The answers to these questions will guide you to your answer.
Size of the data set and extract
The size of the data set, the number of observations, and the percentage of the observations that will be extracted are the first questions to answer. The words large and small from the first two questions in the list above are relative terms. As a general rule, if you are extracting more than 35% of the data in a query, then an index does not provide much benefit, if any. Back to the point about large or small, if you get a 50% improvement in performance of a job that originally took 40 minutes, that’s impressive. If the job originally took 40 seconds, a 50% improvement does not seem compelling.
Data refresh, subset, and sort
Next you should consider how often the data set is refreshed or rebuilt: daily, weekly, or monthly? Creating an index is not without cost. It takes space and time to build the index. Index files can often take as much or more space than the data set itself. The amount of time required to build the index depends on the data itself. It can take from minutes to hours if the number of observations is measured by the tens or hundreds of millions. So if the data is refreshed each evening and you are going to query it once each day, it might not be worth the time and space to build index.
Likewise, if you are going to query the data multiple times using different variables each time, indexing the data set has very limited benefit, if any.

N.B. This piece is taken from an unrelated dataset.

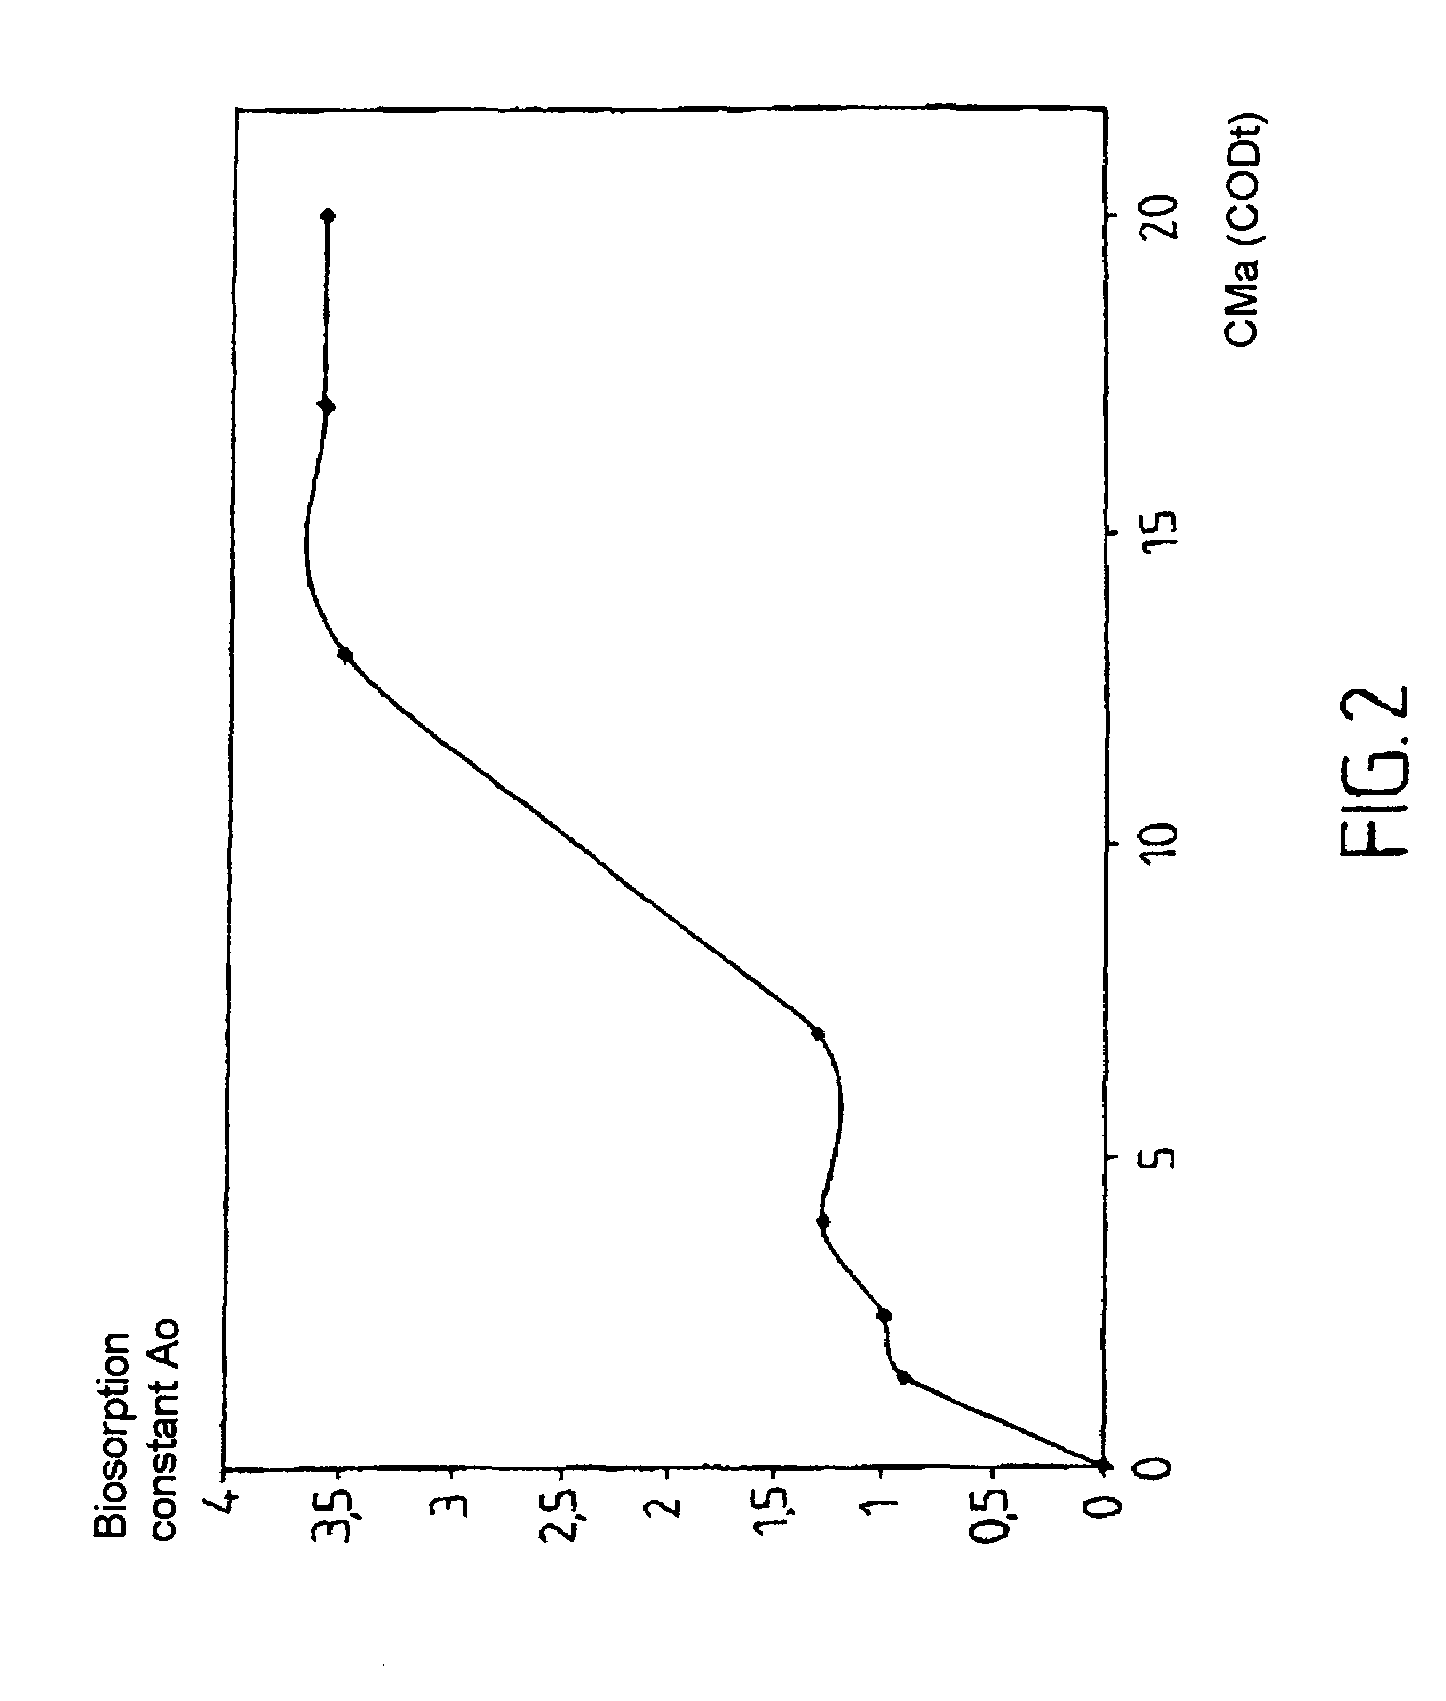 Method and plant for biological treatment of aqueous effluents for purification thereof

An example problem and solution
Let’s look at an example: a 30-million observation data set that’s refreshed each weekend. You need to extract data based on the state of residence of the individuals in the database. You create an index on the state, and query each state separately for additional processing. You see some performance benefit from having the index, but it does not seem to make a lot of difference, so you call SAS Technical Support to ask whether your SAS® software is broken.
As the conversation progresses, I ask whether the data set is sorted by the state variable and find out that it is not. This is important, and here’s why. When the index is built, SAS scans the data set and looks at the index variable(s) on each observation. If a new value is found, that value is added to the index table in ascending order along with the Record ID (RID) where it was found. If a duplicate value is found, only the RID is added. So the index table has ascending values of the index variable(s), and the RIDs are in ascending order.
If the data is originally organized by a date/time stamp or by an ID Number, then the entries for each state are scattered throughout the data set, which makes it take a very long time to build the index. Even when using the index to retrieve the data, SAS has to scan through most, if not all, of the data set.
The fix is simple: sort the data set first by state, and then create the index. Yes, it takes time to sort the data. However, the index will build in less time, and the speed of the query will amaze you. Without first sorting the data, you can start the query, have time to fill your coffee cup, have a brief conversation, and still get back to your computer before the extract is done. By sorting first and then creating the index, you might not have time to get out of your chair before the query is done.
One final point to note...
A subsetting IF statement does not use an index. Only a WHERE statement or a WHERE clause uses an index.